▸ **What to do**:
Every line from the one holding "Ballon de football" through the last line of the records must be retyped exactly, and no other line or picture may appear in the copy.

=-=-=-=-=

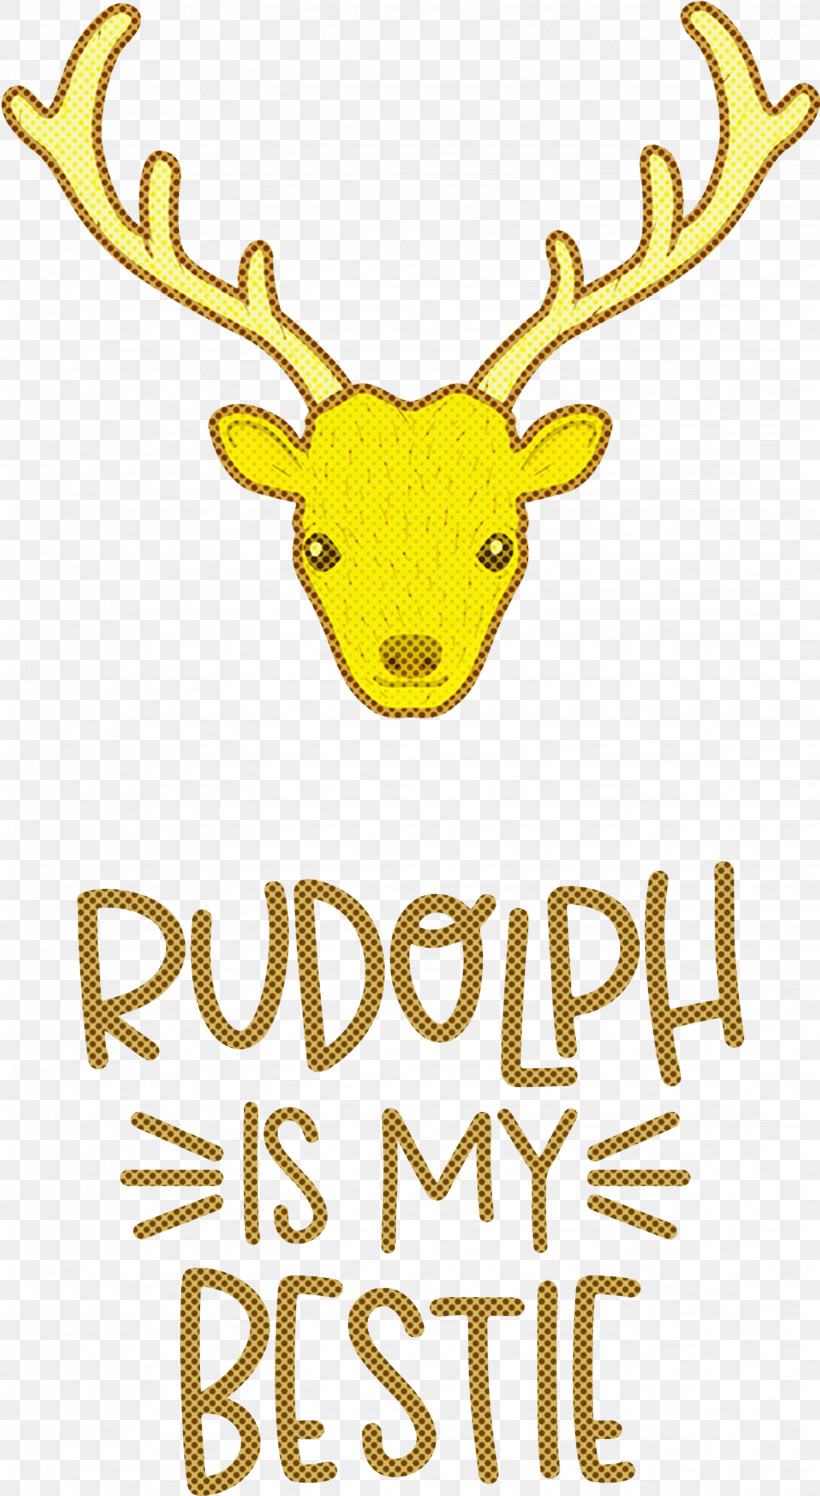 Rudolph Is My Bestie Rudolph Deer, PNG, 1644x3000px, Rudolph Is My Bestie, Animal Figurine, Antler, Christmas, Deer Download Free
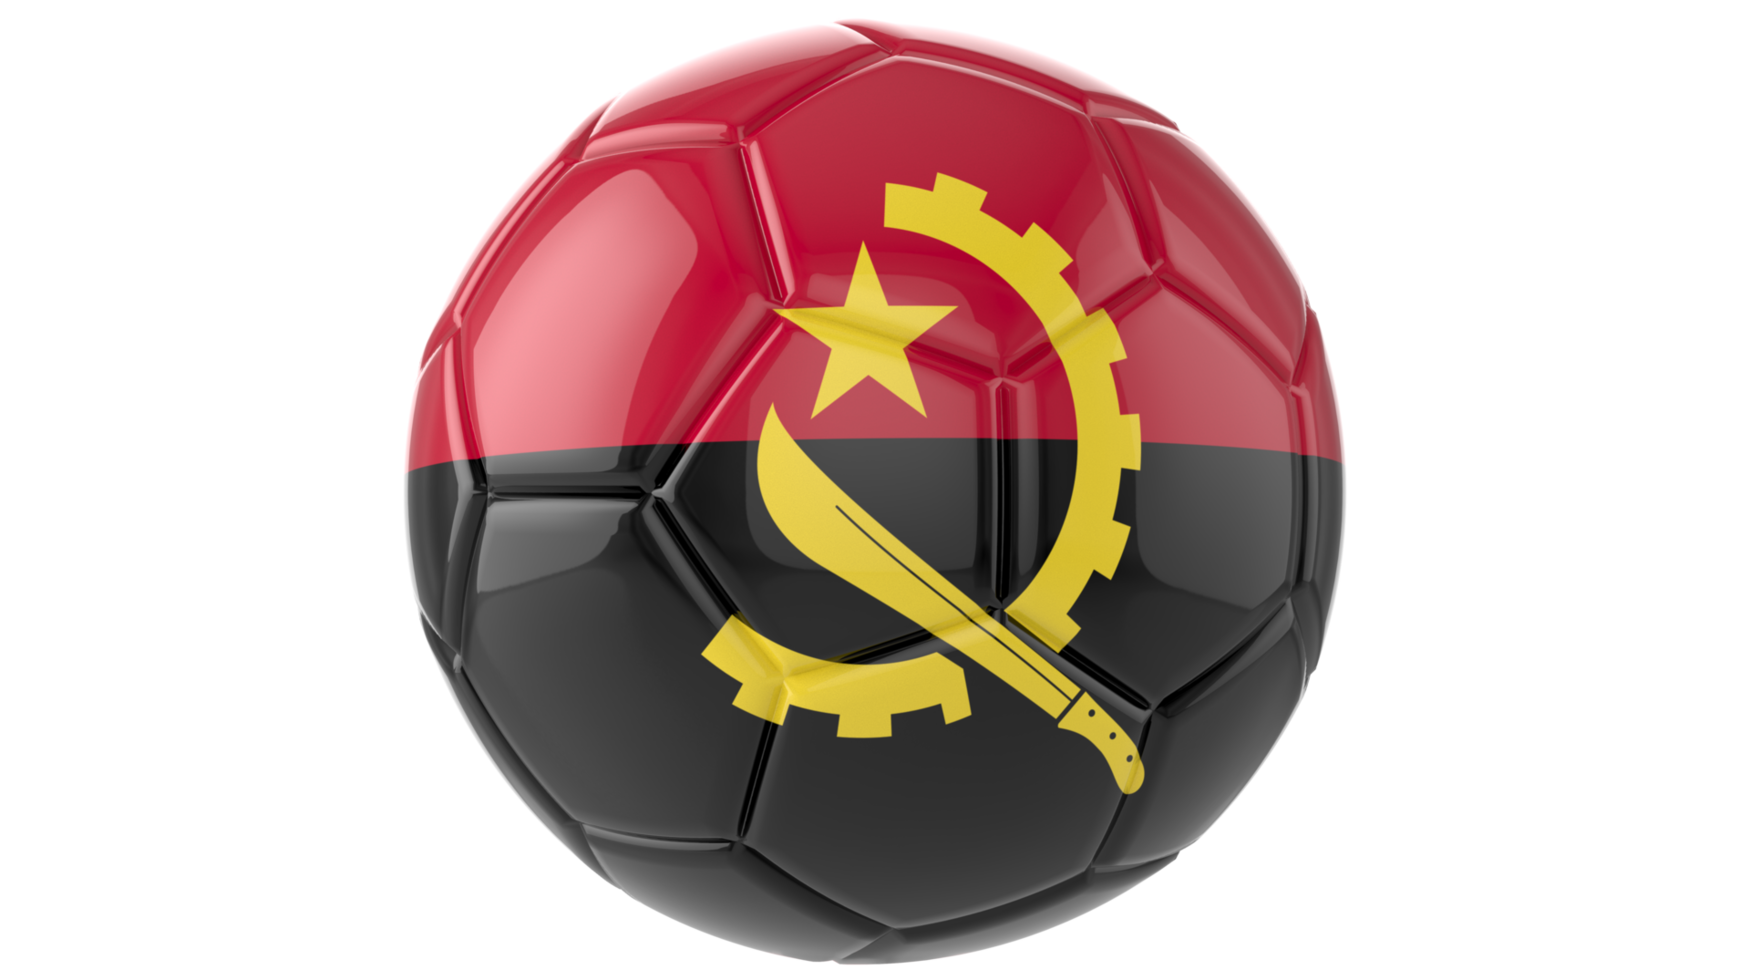 Ballon de football réaliste 3d avec le drapeau de l'angola dessus isolé sur fond png transparent
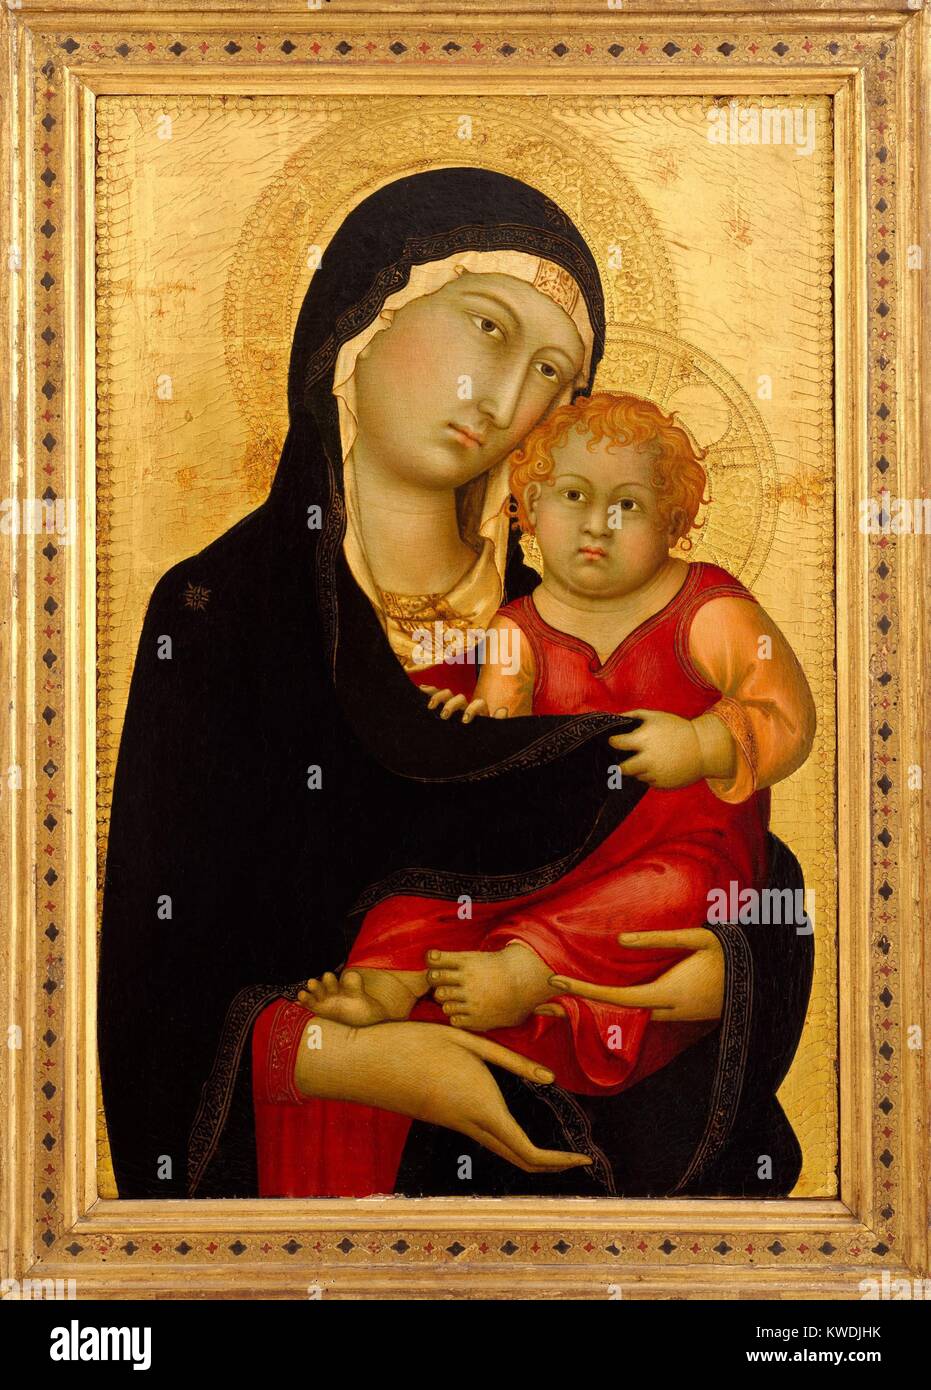 Vierge et l'enfant, de Simone Martini, 1326, la peinture italienne Proto-Renaissance, tempera sur bois. Simone Martini, un peintre siennois, créé dans le cadre d'un retable lambris. Il a conservé son cadre d'origine (BSLOC   2017 16 34) Banque D'Images
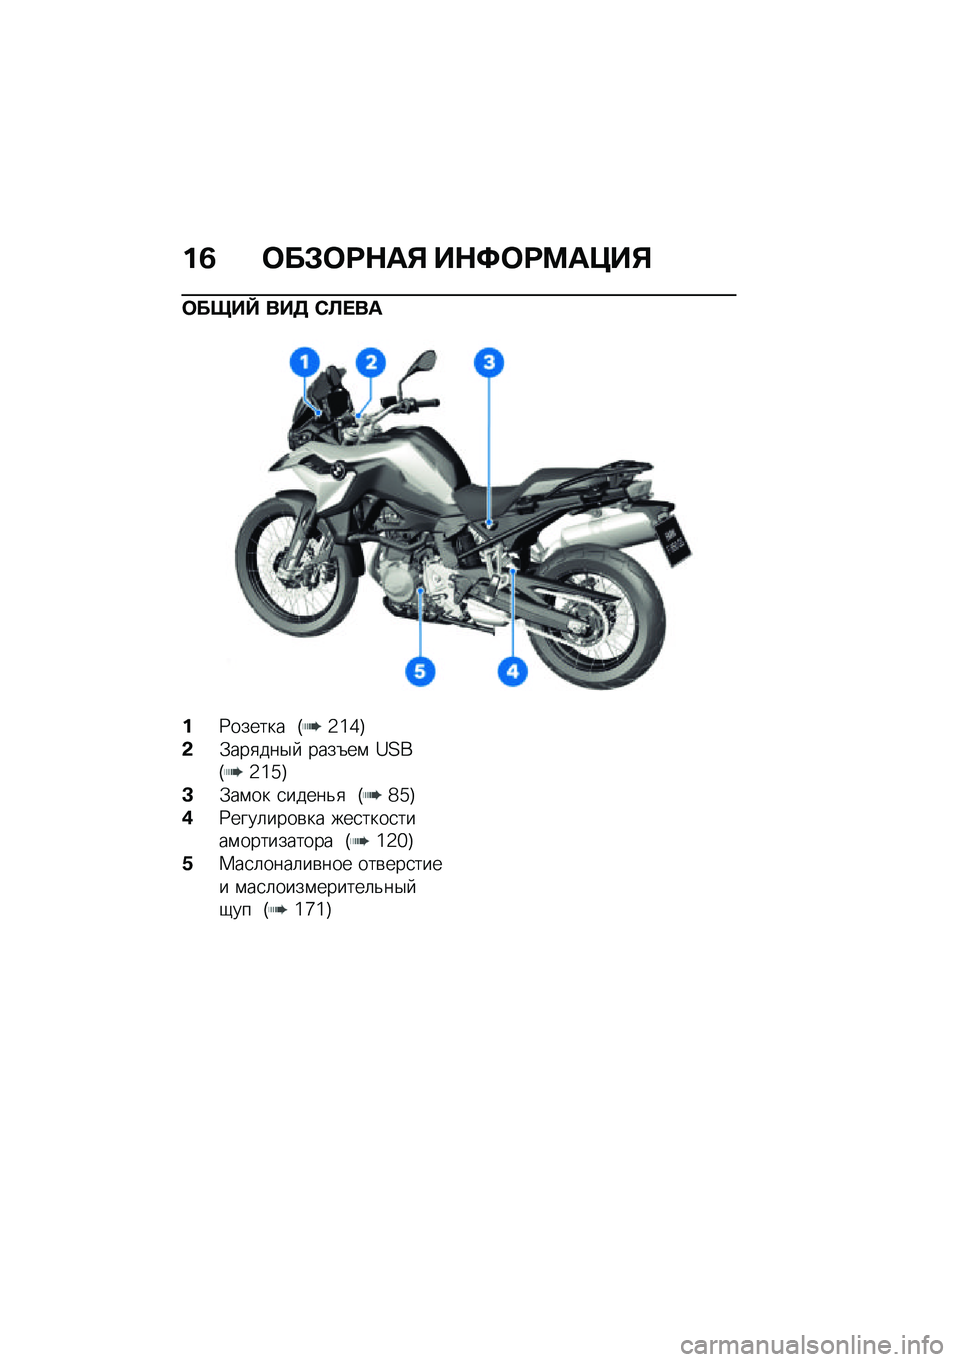 BMW MOTORRAD F 850 GS 2021  Руководство по эксплуатации (in Russian) ��2 �	��#�	�:�$��% ��$�;�	�:�<��=��%
�	����^ ���3 �)�A� ��
��9������ �I�2�]�^�J
�&�.���
���$�  ����6��\f �Y�?��I�2�]�_�J
�C�.��\f�� �
�����&�
 �I�`�_�J
�(�Z����

=-=-=-=-=

▸ **Finished exercise**:
 Ballon de football réaliste 3d avec le drapeau de l'angola dessus isolé sur fond png transparent
 Vierge et l'enfant, de Simone Martini, 1326, la peinture italienne Proto-Renaissance, tempera sur bois. Simone Martini, un peintre siennois, créé dans le cadre d'un retable lambris. Il a conservé son cadre d'origine (BSLOC   2017 16 34) Banque D'Images
 BMW MOTORRAD F 850 GS 2021  Руководство по эксплуатации (in Russian) ��2 �	��#�	�:�$��% ��$�;�	�:�<��=��%
�	����^ ���3 �)�A� ��
��9������ �I�2�]�^�J
�&�.���
���$�  ����6��\f �Y�?��I�2�]�_�J
�C�.��\f�� �
�����&�
 �I�`�_�J
�(�Z����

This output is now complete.